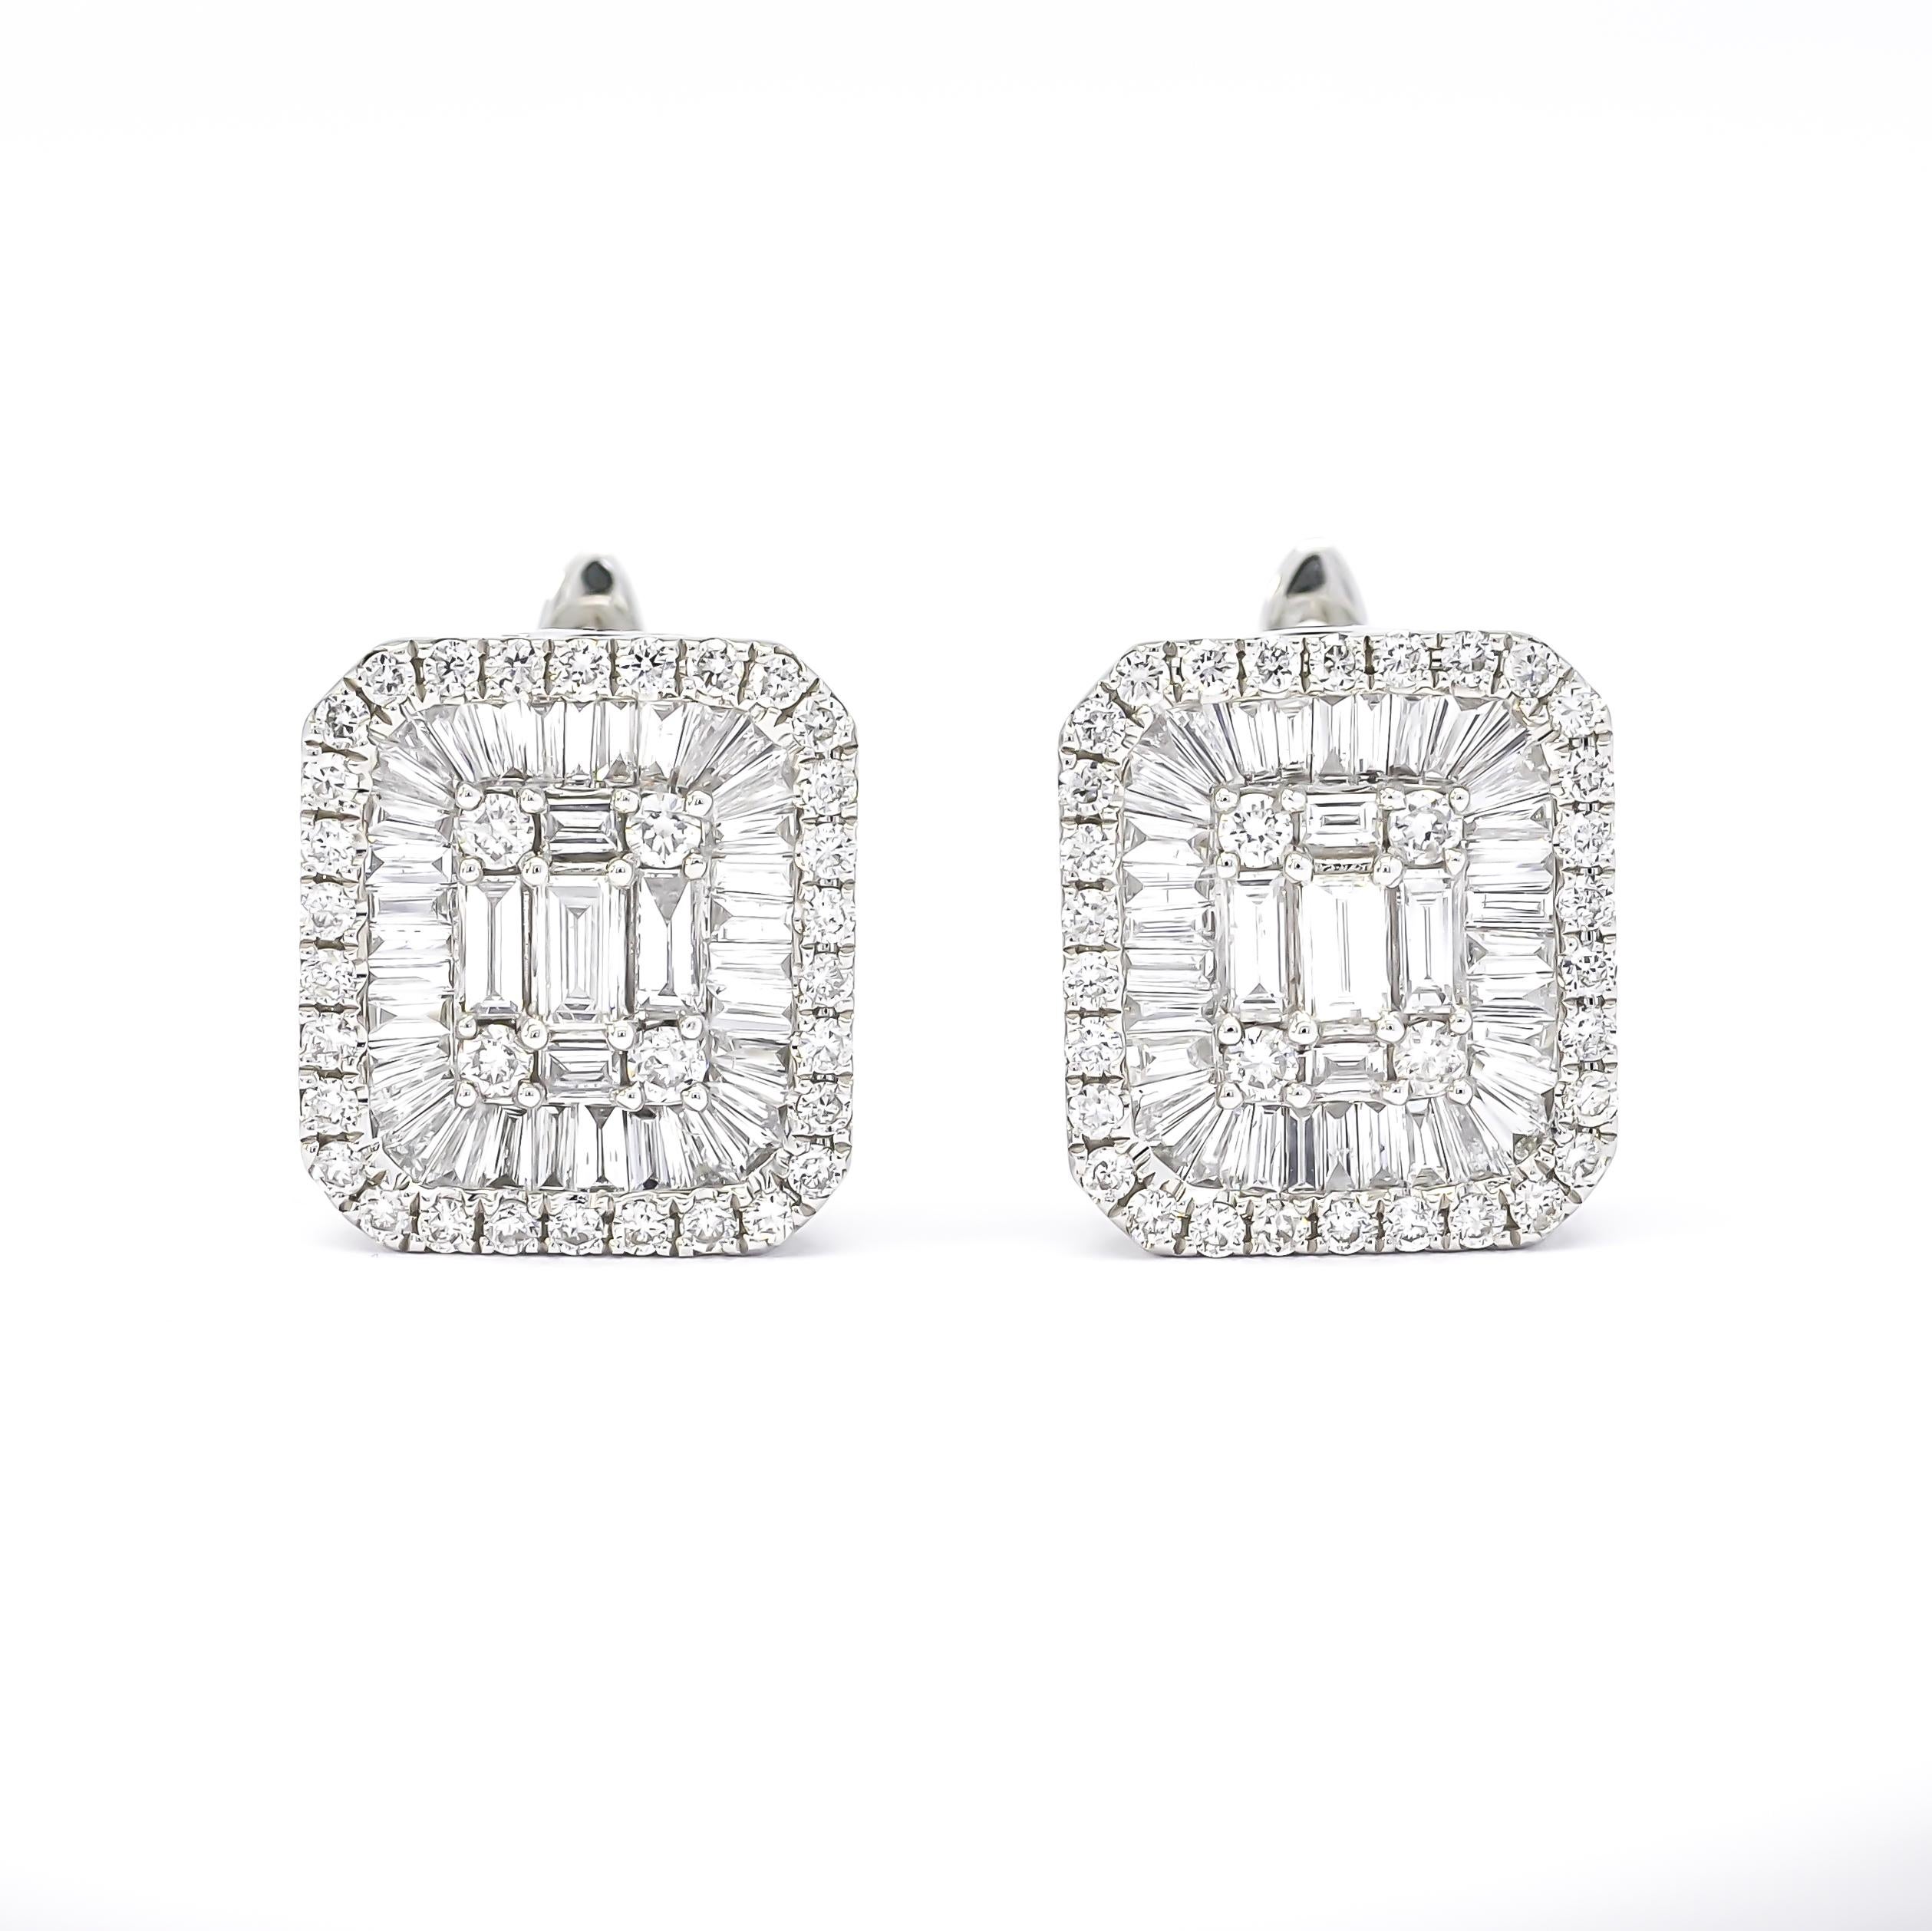 Introducing our stunning Natural Diamond Earrings in 18KT White Gold, featuring an Illusion Halo Cluster design. These earrings are the epitome of modern elegance, designed to enhance the style and beauty of women.

Crafted with meticulous attention
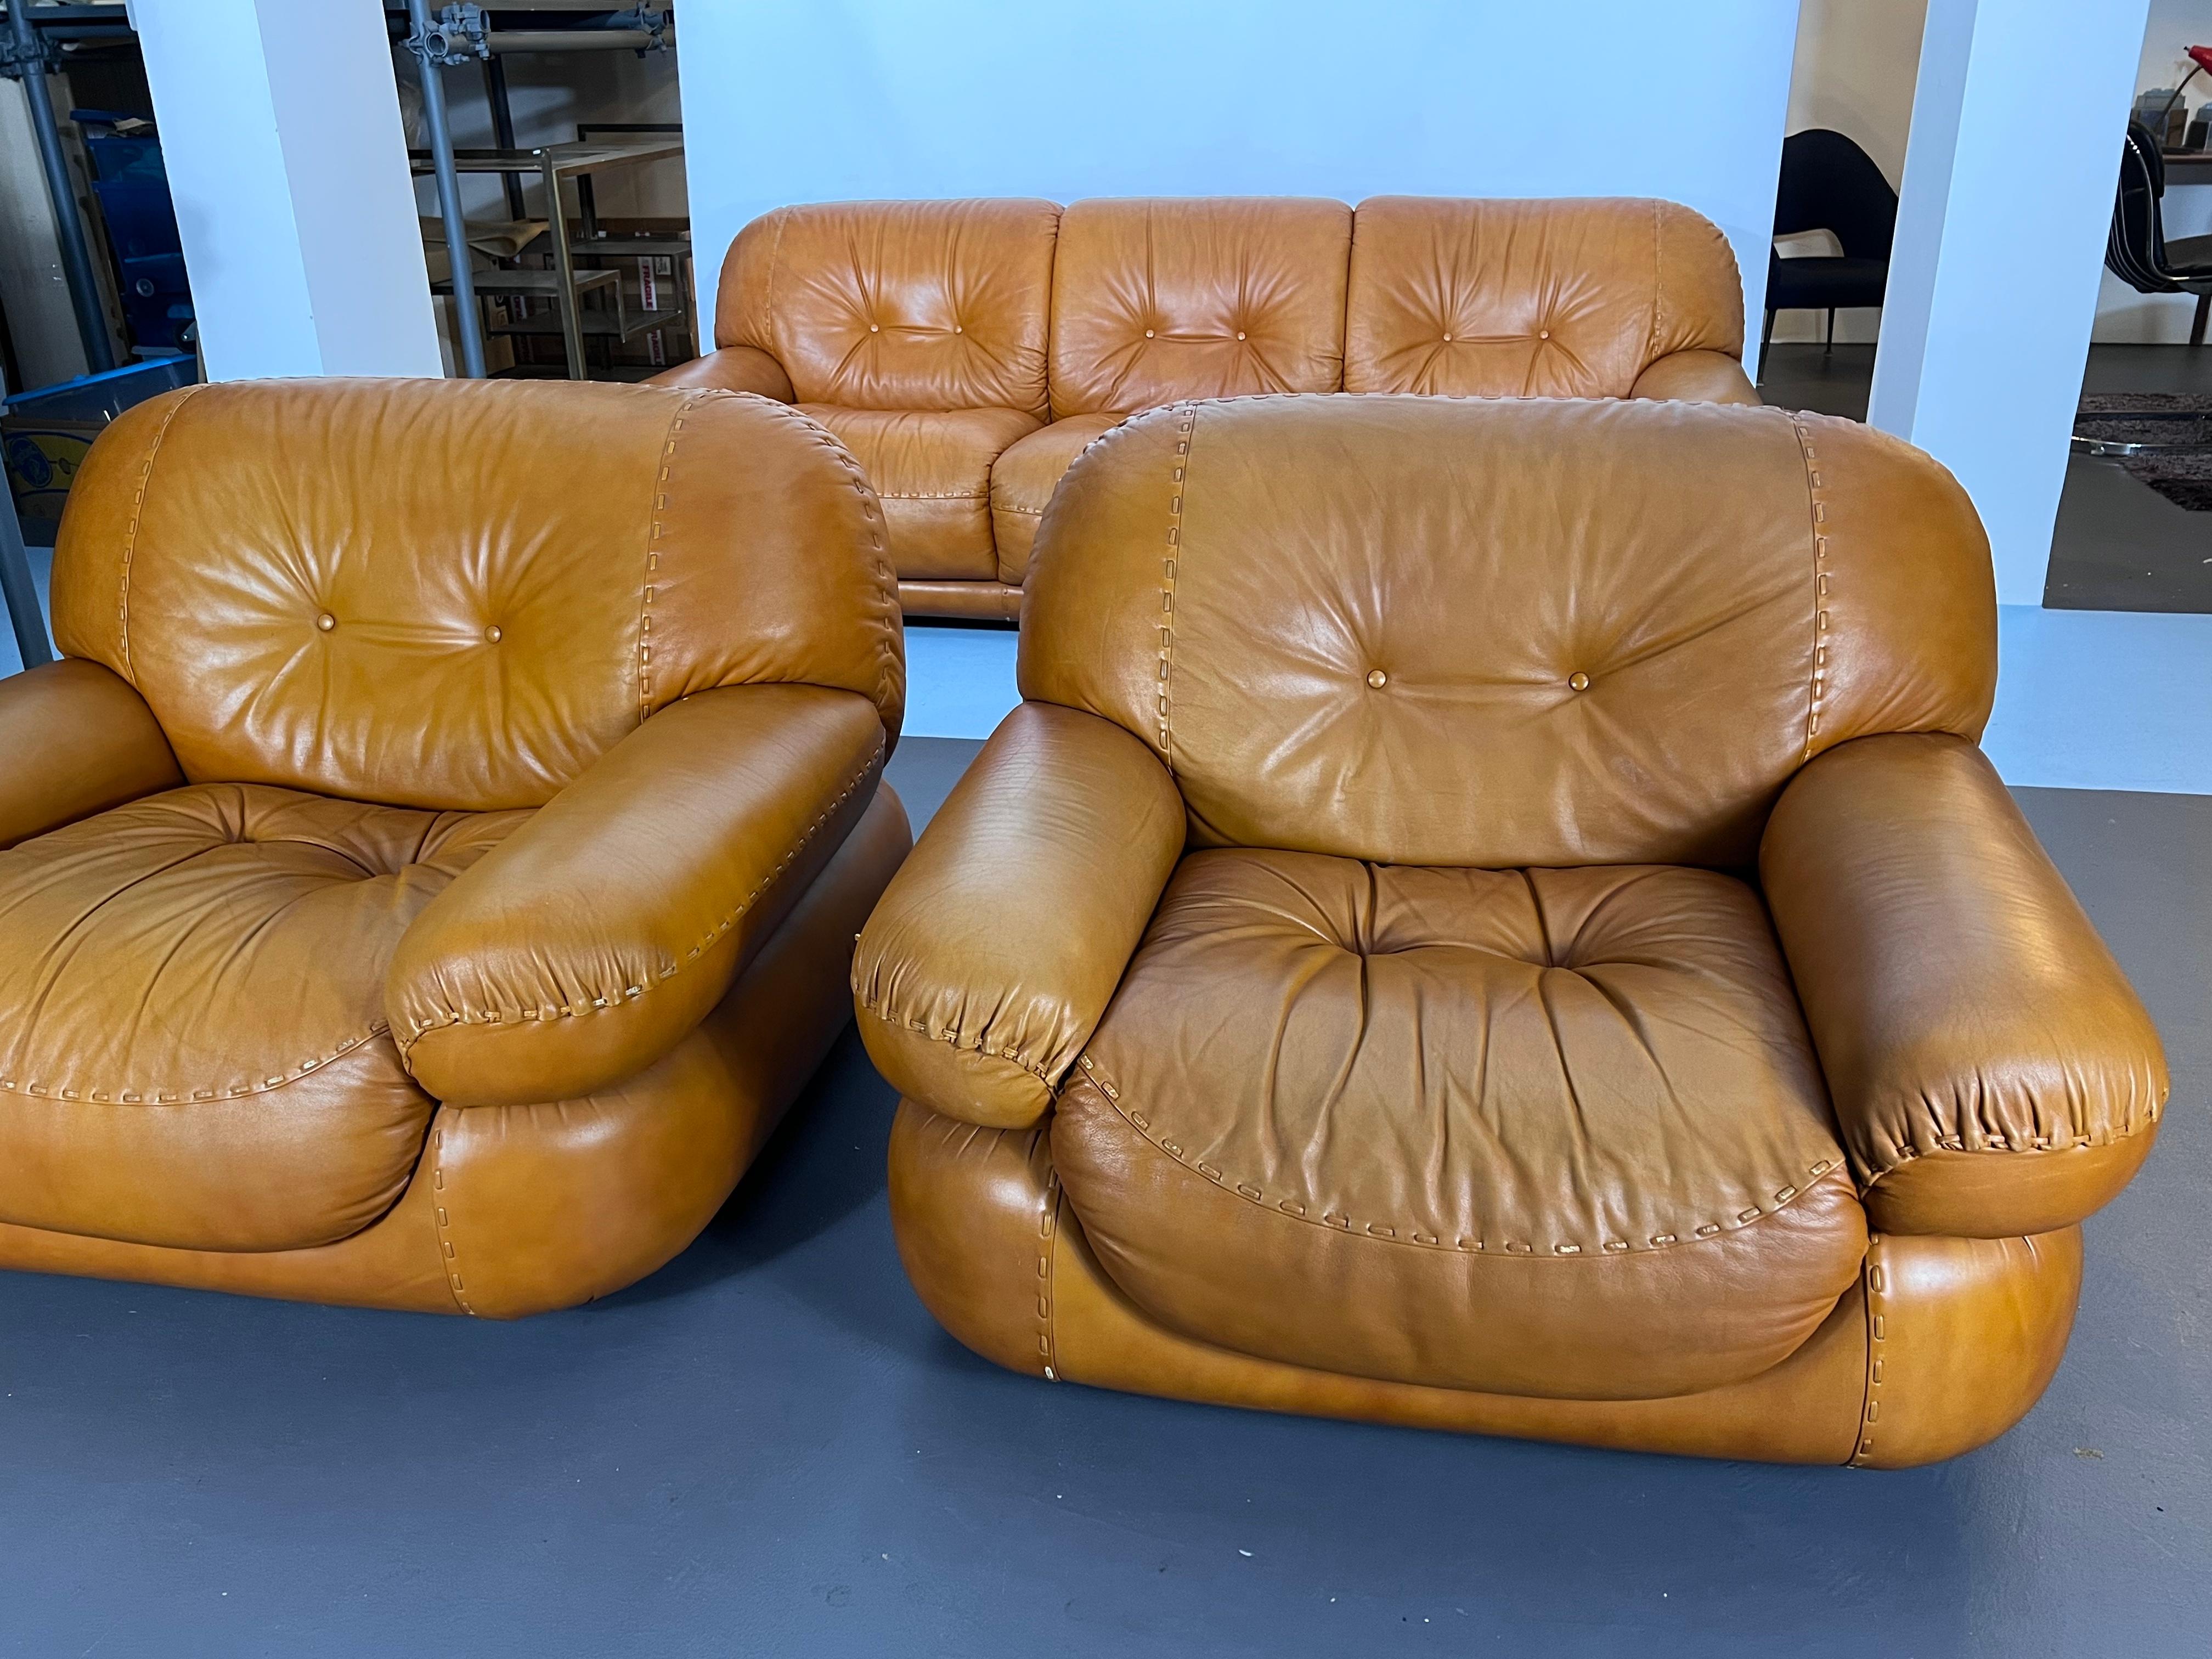 Set of two armchairs and a three seater sofa designed by Sapporo for Mobil Girgi. Cognac leather. Original vintage condition with normal trace of age and use. Foam in perfect condition. No damages. Dimensions: Sofa H 75 W 225 D 100, Armchair H 75 W

===============

### INSTRUCTIONS FOR THE TASK
Each line above should be output exactly, apart from the pictures.

### ANSWER FOR THE TASK
 Introducing our stunning Natural Diamond Earrings in 18KT White Gold, featuring an Illusion Halo Cluster design. These earrings are the epitome of modern elegance, designed to enhance the style and beauty of women.

Crafted with meticulous attention
 Set of two armchairs and a three seater sofa designed by Sapporo for Mobil Girgi. Cognac leather. Original vintage condition with normal trace of age and use. Foam in perfect condition. No damages. Dimensions: Sofa H 75 W 225 D 100, Armchair H 75 W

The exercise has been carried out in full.